The 1990 Greek presidential election was an indirect election for the position of President of the Hellenic Republic was held by the Hellenic Parliament from February to May 1990.

The election took place following the "katharsis" period, during which a coalition government between conservative New Democracy and Leftist parties under Synaspismos indicted former Prime Minister Andreas Papandreou and four of his ministers over the Koskotas scandal. Additionally, memories remained vivid of the presidential election, during which Papandreou triggered a constitutional crisis to secure the presidency for his preferred candidate, Christos Sartzetakis, who was the presiding president of the election.

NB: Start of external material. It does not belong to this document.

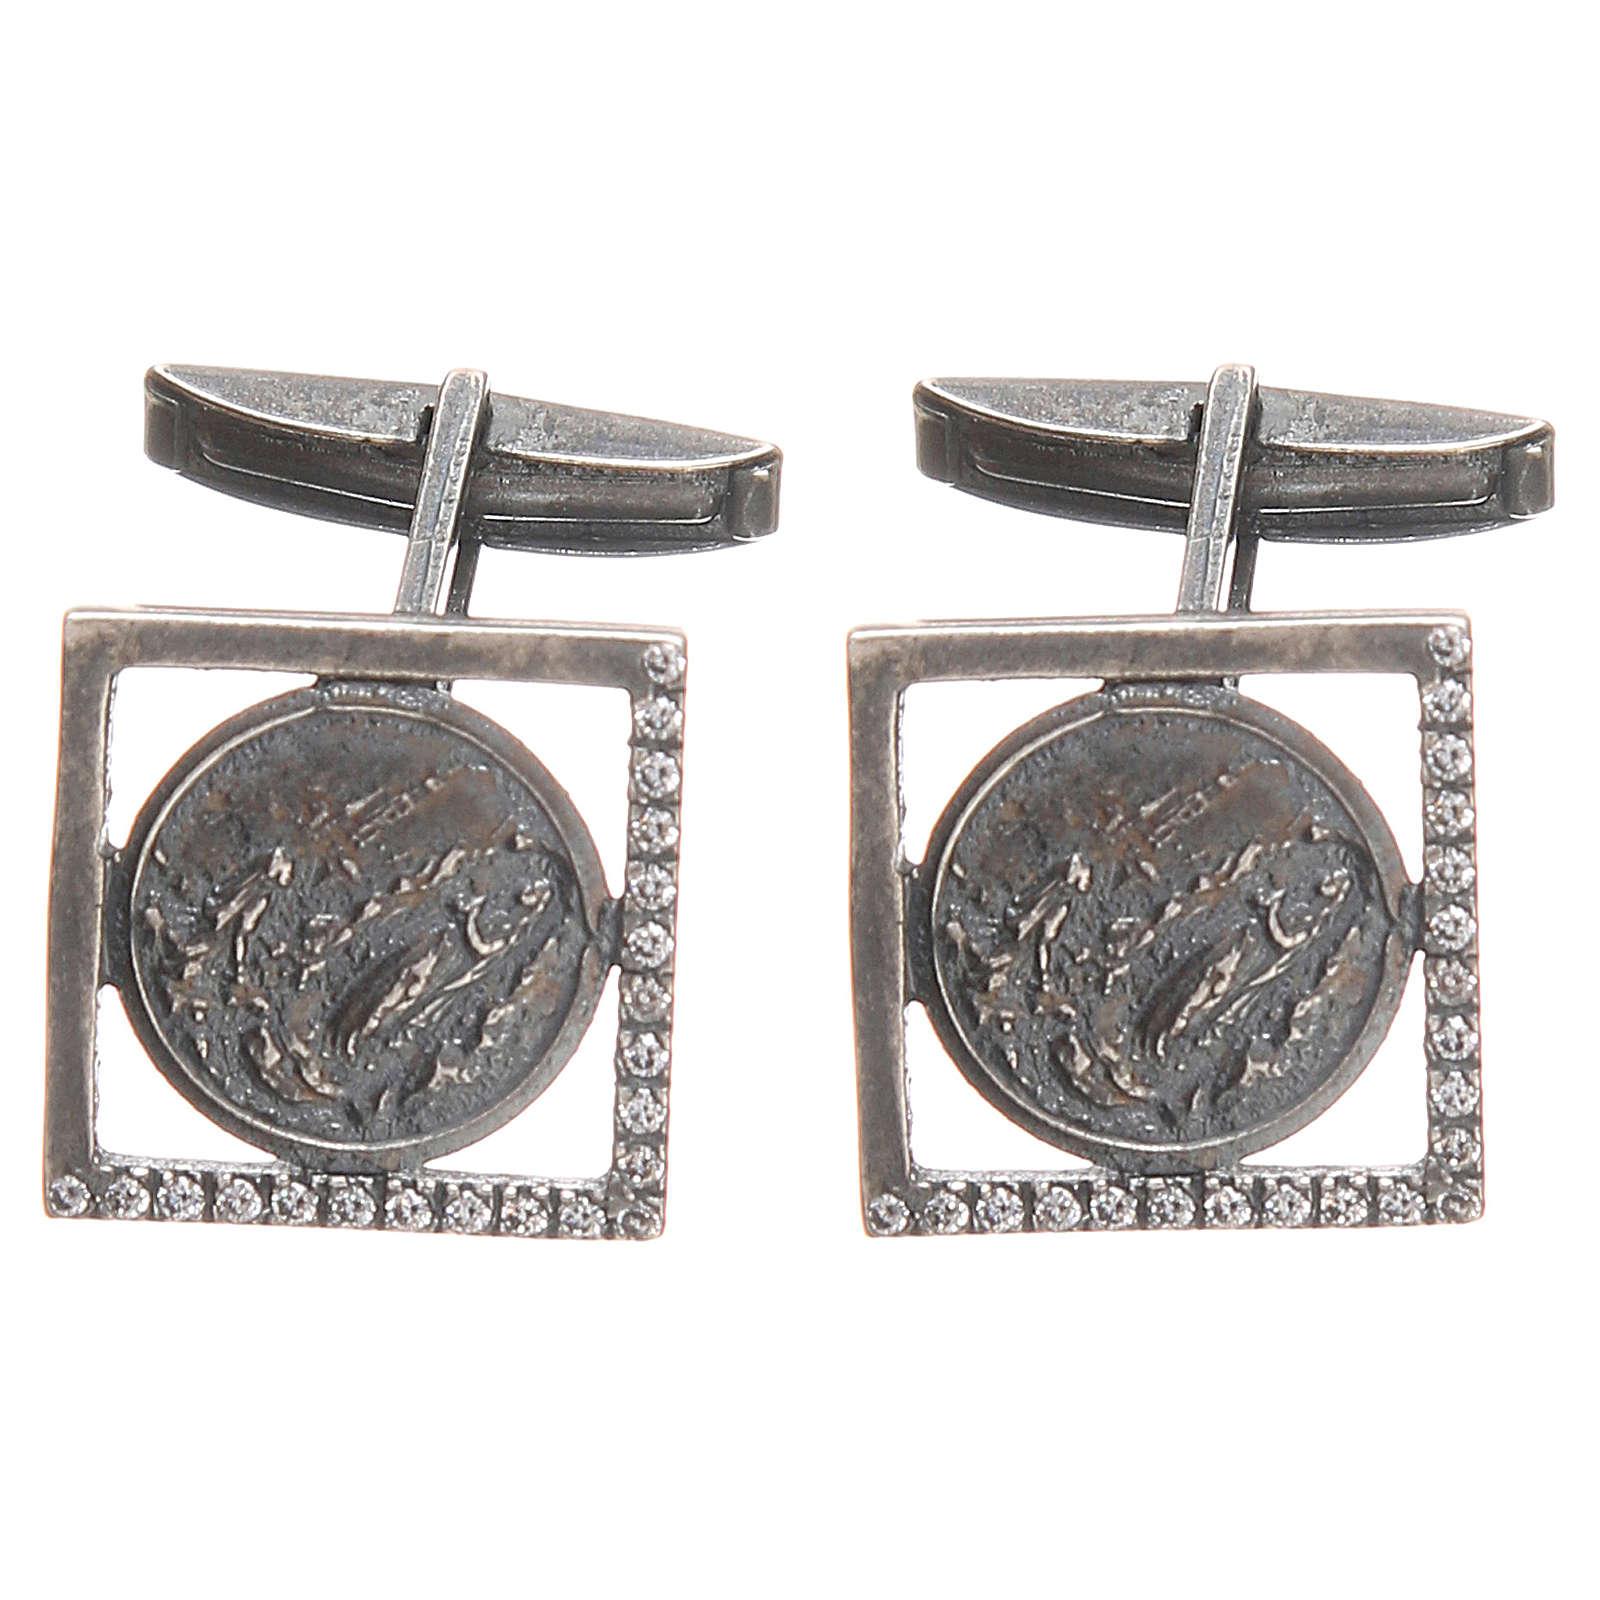 Spinki do koszuli srebro 800 Matka Boża z Lourdes 1.7 cm 4
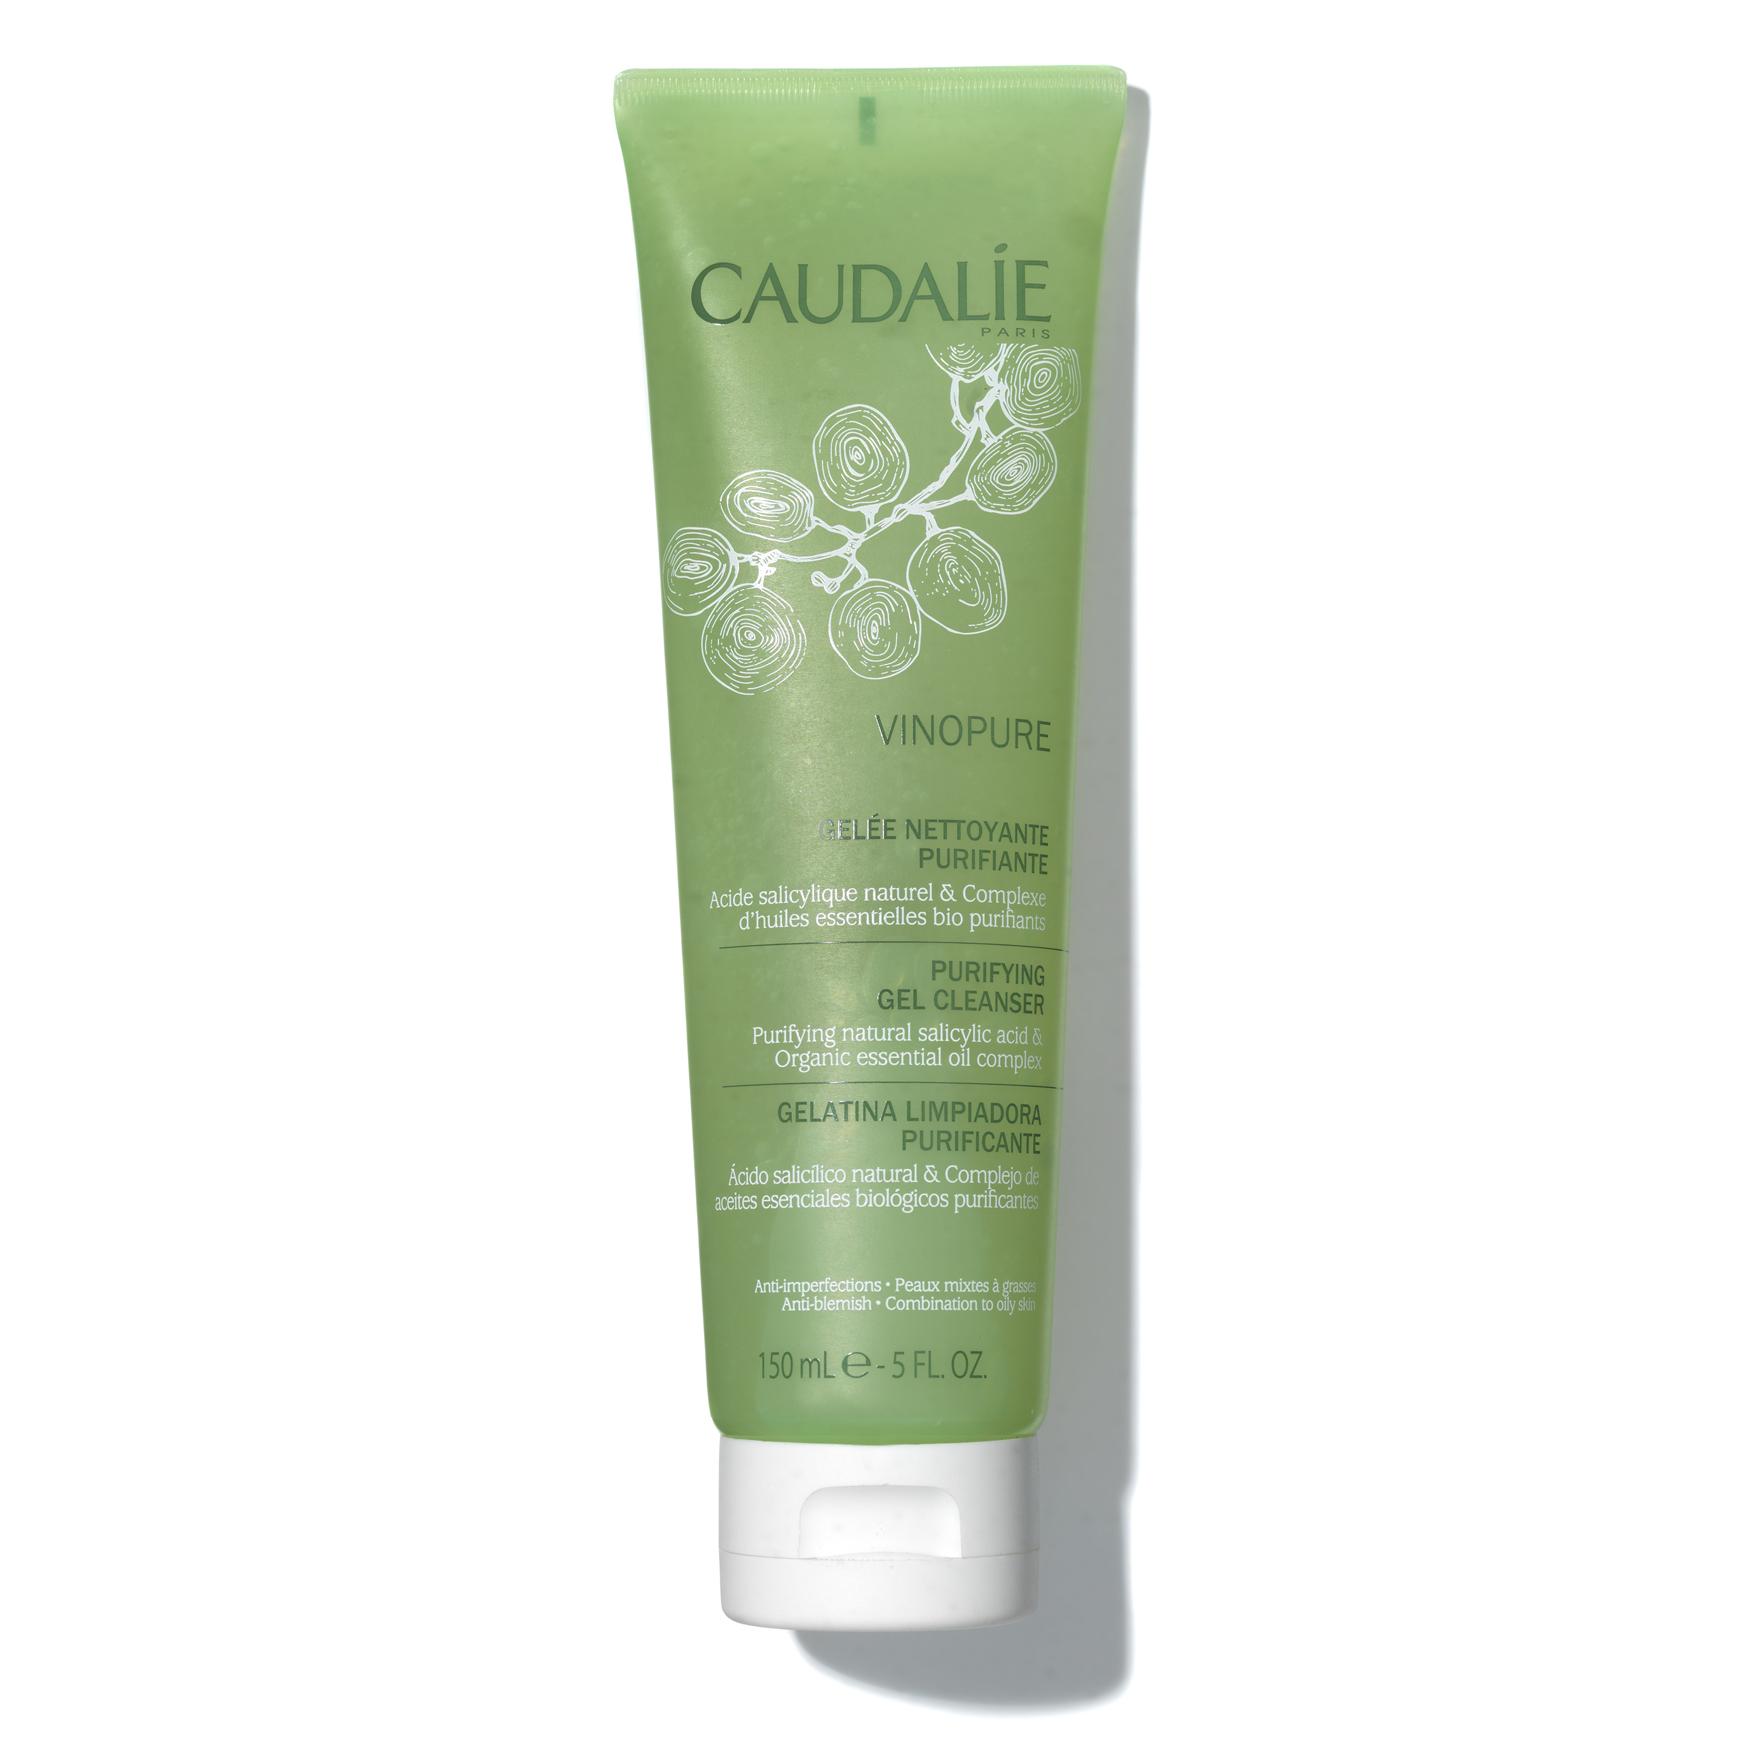 Vinopure Pore Purifying Gel Cleanser by Caudalie #3

New Democracy's candidate was Konstantinos Karamanlis, who abstained in the first three rounds, while the other parties supported their candidates. As no candidate achieved the necessary votes in three consecutive rounds, the Greek Constitution required new national elections, which were held in April 1990. The elections paved the way for New Democracy's victory, however, its parliamentary majority was slim, making it challenging to elect a candidate of their choice for president. Karamanlis was elected president in the second round as the Constitution reduces the required electoral threshold in successive rounds when no candidate secures enough votes.

==Parliamentary votes for president==
In the first phase, no candidate had sufficient votes to become president. Karamanlis refused to participate in this phase. In the first round, Sartzetakis, and the current president, received 151 votes with the support of PASOK and Synaspismos, while New Democracy abstained. In the second round, Sartzetakis received 21 votes since PASOK had a new candidate Giannis Alevras, who received 127 votes. In the third round, Sartzetakis received 21 votes again and Giannis Alevras 128 votes. Since no president was elected, new elections on 8 April took place under the Constitution.

In the second phase, there were three candidates, Karamanlis supported by New Democracy, Alevras from PASOK, and Konstantinos Despotopoulos from Synaspismos. The first round failed to point to a victor. Karamanlis received 153 votes in the second round, two votes above the threshold of 151, becoming president for a second time.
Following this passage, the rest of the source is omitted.